Choi Yoon Sung, Lee Kyung Eun
Department of Clinical Laboratory Science, College of Health Sciences, Catholic University of Pusan, Busan, Korea.
J Cancer Prev. 2015 Dec;20(4):268-74. doi: 10.15430/JCP.2015.20.4.268. Epub 2015 Dec 30.
A microRNA, miR-34a, plays a key role in inhibiting cellular transformation and carcinogenesis by controlling cell cycle regulation and cell proliferation in various human tumors. However, miR-34a has rarely been reported in endometrial cancer research in Korea. This study was undertaken to analyze miR-34a expression in simple endometrial hyperplasia and endometrial cancer, and to evaluate the relationship between expression of miR-34a and p16 and Ki-67 proteins in endometrial cancers.
A retrospective study was carried out on 66 formalin-fixed, paraffin-embedded tissues with simple endometrial hyperplasia (31 cases) and endometrial cancer (35 cases) patients. These were analyzed for miR-34a expression by quantitative real-time PCR, and the expression of p16 and Ki-67 proteins in endometrial cancers was evaluated by immunohistochemistry.
The miR-34a expression level was lower in endometrial cancer tissues (-0.71 ± 3.90) than in simple endometrial hyperplasia tissues (2.68 ± 8.62). The endometrial hyperplasia tissues showed underexpression of miR-34a in 13 of the 31 cases (41.9%) while the endometrial cancer tissues showed underexpression of miR-34a in 24 of 35 cases (68.6%). Thus, miR-34a was significantly underexpressed in endometrial cancer tissues when compared endometrial hyperplasia tissues (P = 0.046). Overexpression of p16 was detected in 25 (71.4%) and Ki-67 immunoreactivity was detected in 27 (77.1%) of the 35 endometrial cancers. Although not statistically significant, the frequency of p16 and Ki-67 overexpression tended to be lower in the cases with miR-34a underexpression than in cases with miR-34a overexpression.
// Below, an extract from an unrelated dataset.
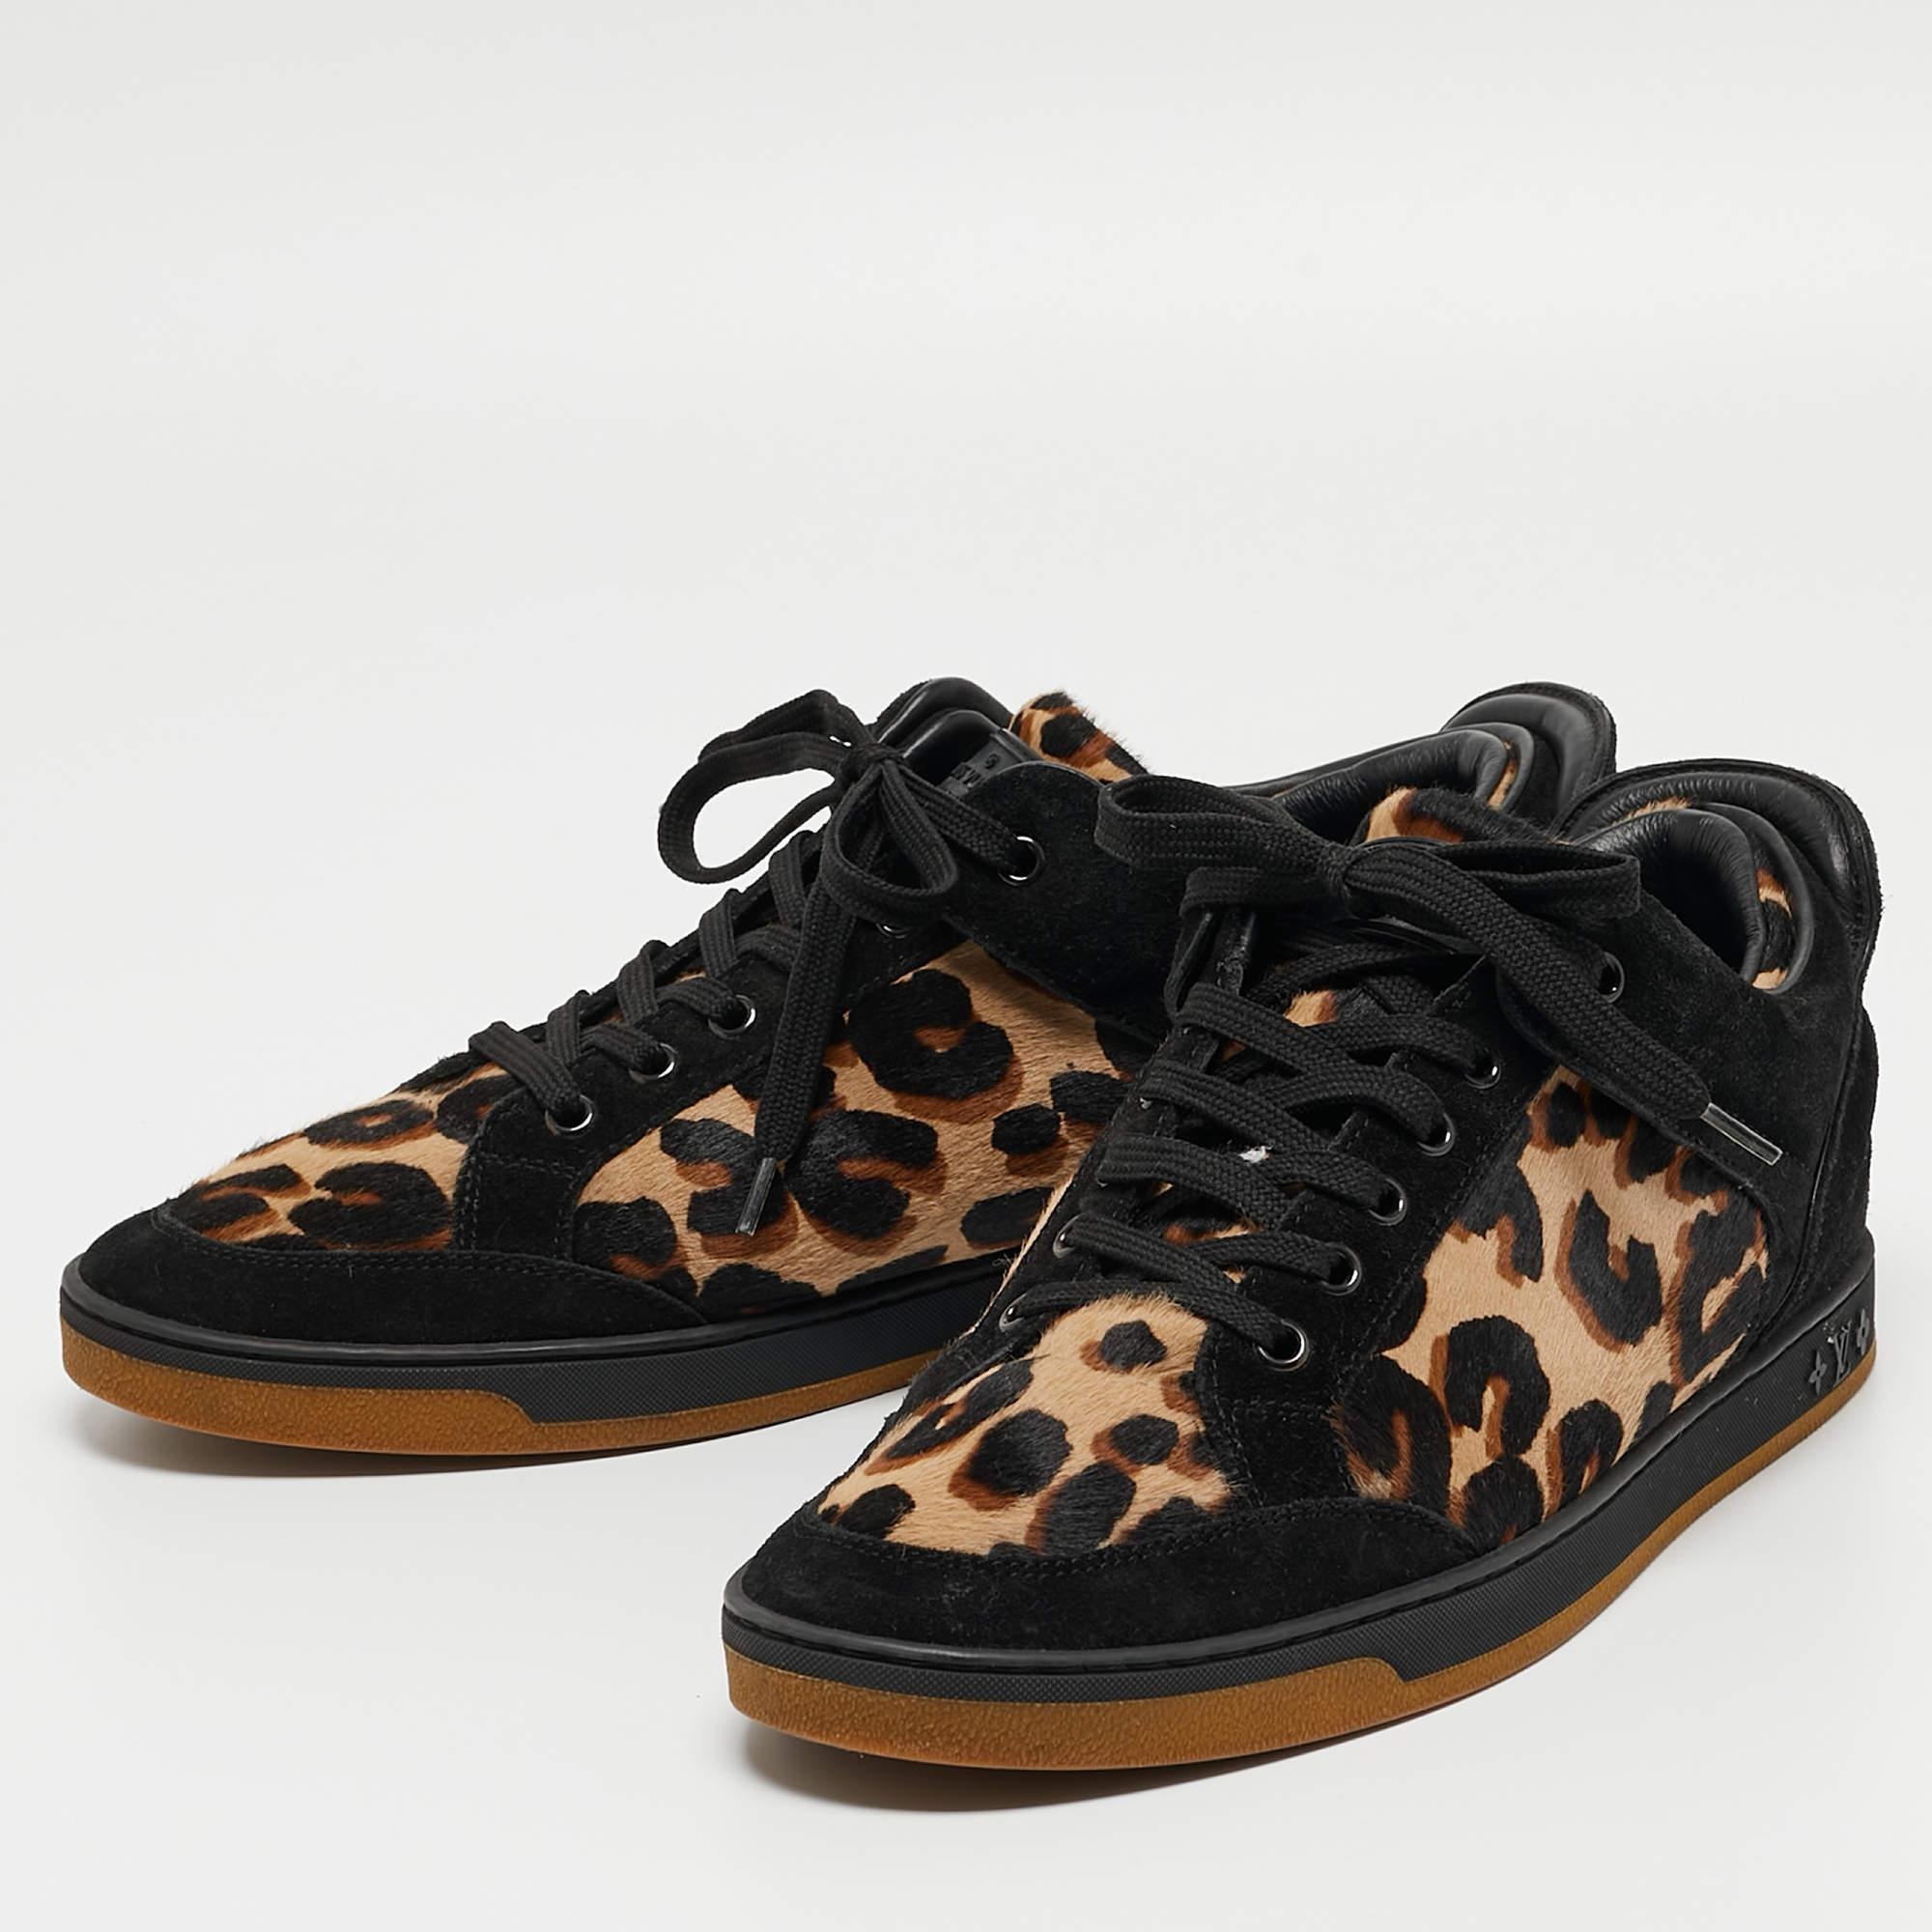 Louis Vuitton Black/Brown Calf Hair and Suede Low Top Sneakers Size 38.5 For Sale 5

These findings suggest that underexpression of miR-34a might be involved in endometrial carcinogenesis. Further studies are needed to define the relationship between miR-34a expression and tissue specific protein expression.
微小RNA miR-34a通过控制多种人类肿瘤的细胞周期调控和细胞增殖,在抑制细胞转化和致癌过程中发挥关键作用。然而,在韩国的子宫内膜癌研究中,miR-34a鲜有报道。本研究旨在分析miR-34a在单纯性子宫内膜增生和子宫内膜癌中的表达情况,并评估子宫内膜癌中miR-34a表达与p16和Ki-67蛋白表达之间的关系。
对66例经福尔马林固定、石蜡包埋的组织进行回顾性研究,其中包括单纯性子宫内膜增生患者31例和子宫内膜癌患者35例。通过定量实时PCR分析这些组织中miR-34a的表达情况,并通过免疫组织化学评估子宫内膜癌中p16和Ki-67蛋白的表达。
子宫内膜癌组织中miR-34a的表达水平(-0.71±3.90)低于单纯性子宫内膜增生组织(2.68±8.62)。31例单纯性子宫内膜增生组织中有13例(41.9%)miR-34a表达不足,而35例子宫内膜癌组织中有24例(68.6%)miR-34a表达不足。因此,与单纯性子宫内膜增生组织相比,子宫内膜癌组织中miR-34a明显表达不足(P = 0.046)。在35例子宫内膜癌中,25例(71.4%)检测到p16过表达,27例(77.1%)检测到Ki-67免疫反应性。尽管无统计学意义,但miR-34a表达不足的病例中p16和Ki-67过表达的频率往往低于miR-34a过表达的病例。
这些发现表明,miR-34a表达不足可能参与子宫内膜癌的发生。需要进一步研究来确定miR-34a表达与组织特异性蛋白表达之间的关系。